5. What is the potential impact of your research on the field of anesthesia?
The proposed study is both novel and paradigm-shifting, because it introduces anesthesia as a neuromodulation technique to predict consciousness recovery in unresponsive patients in coma and DOC. Indeed, it will test the hypothesis that the brain’s response to propofol can be a marker of potential for consciousness. The proposed study has the potential to situate anesthesia as a prognostic tool for acute care and neurological patients, and to provide healthcare teams with a novel approach to refine patient prognosis. Establishing an accurate prognosis for recovery has major implications for patient treatment decisions, caregivers, and the healthcare system.
My research proposes to treat anesthesia as a neuromodulation tool to improve patient prognostication and recovery. More specifically, it will use network neuroscience to personalize medicine and continuous sedation, optimizing patient care and cognitive recovery.
6. How do you feel about receiving the IARS Mentored Research Award?
I feel extremely grateful to receive the IARS Mentored Research Award as I am about to transition to my faculty position. Very few non-clinicians have been awarded the IARS Mentored Research Award over the past years, and I feel privileged to be among them.
The IARS Mentored Research Award was the only grant I was eligible to apply for as a postdoctoral fellow, and I am grateful for its existence. Such a grant has enormous impact on early-career researchers, and undeniably raises their chances for success. Thank you to the IARS for this incredible support for a young researcher such as myself! I will be forever grateful that the IARS could support my research.

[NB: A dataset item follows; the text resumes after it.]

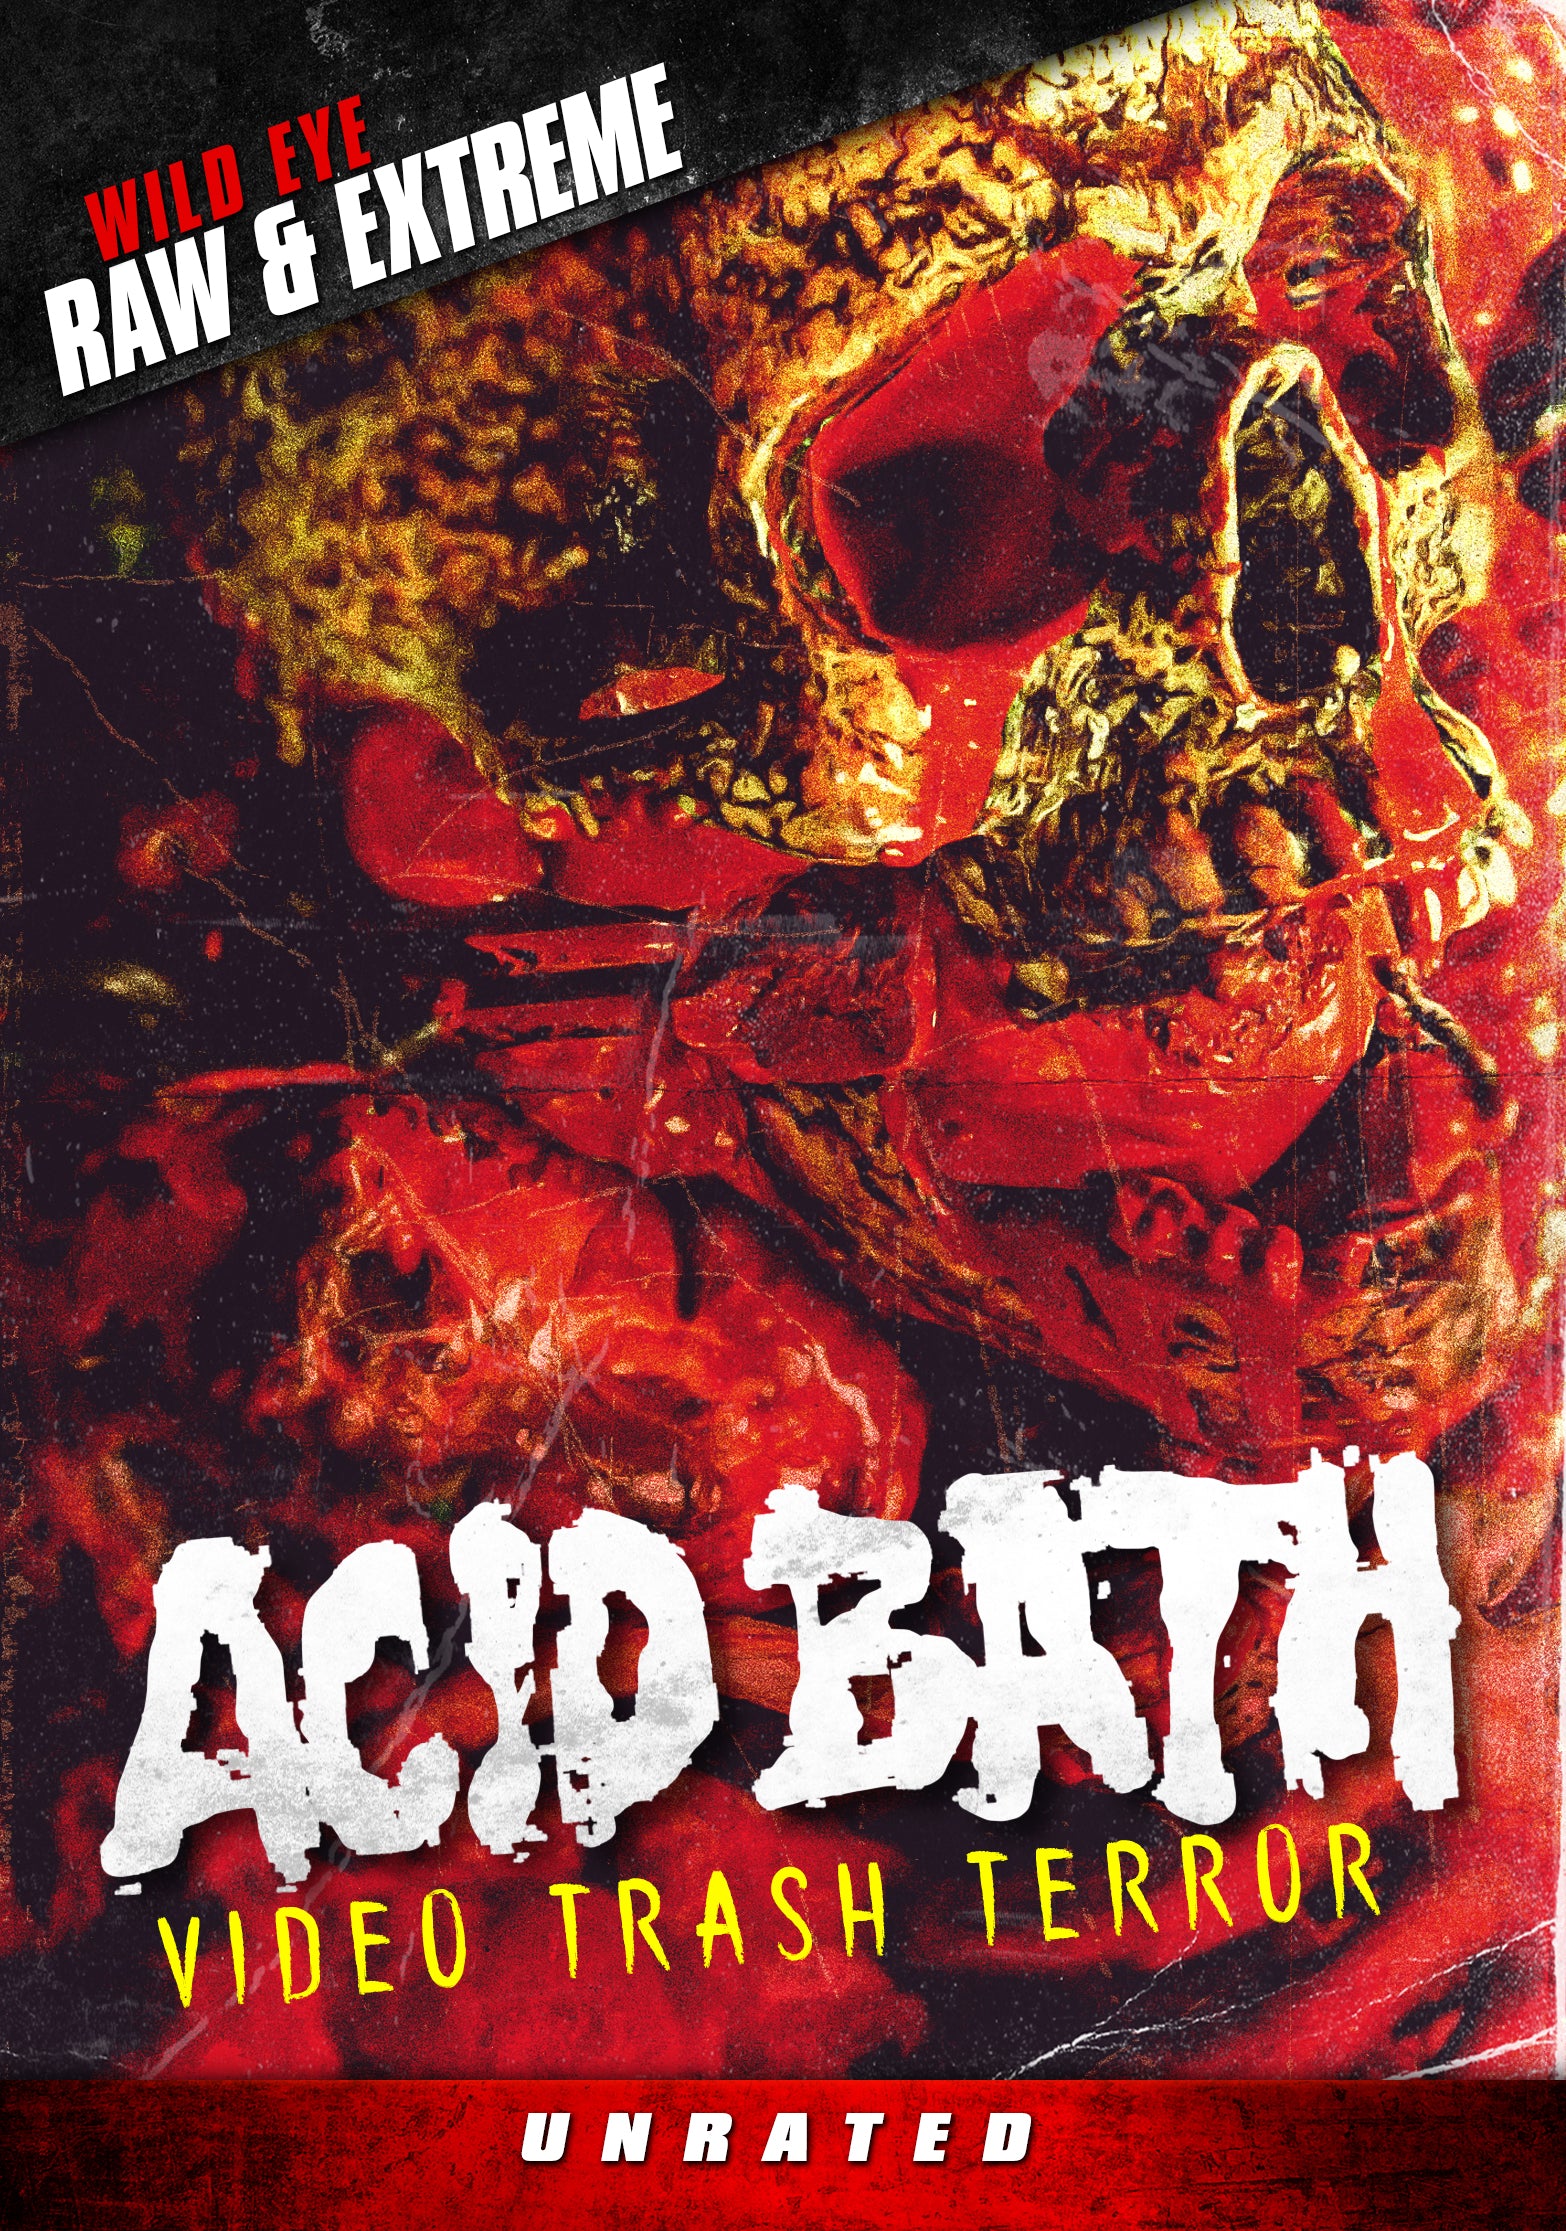 ACID BATH DVD

7. How will this award affect your research/professional trajectory?
This is my very first grant and will have a tremendous impact on the start of my career. The IARS Mentored Research Award will enable me to hire my first graduate student, and to improve my chances of obtaining my first salary award. Most importantly, it will propel our study forward as we will now be able to pursue patient recruitment and testing for 2 additional years. Importantly, I feel like this award is legitimizing my place in anesthesia research and confirming the clinical relevance of my research interests.
8. Once you complete this mentored research award, what’s next for you? What’s your vision for the future?
Once I complete this Mentored Research Award, I will be less than two years into my faculty position at the University of Montréal. This award will therefore be the stepping stone to building my lab and my research program in anesthesiology and critical care research. If I picture myself 10 years from now, I aim to be leading an internationally recognized lab that conducts clinically-relevant research that has made an impact on anesthesiology and critical care. I hope to have shown preliminary evidence that we can use network neuroscience to individualize anesthesia and continuous sedation, optimizing patient care and cognitive recovery.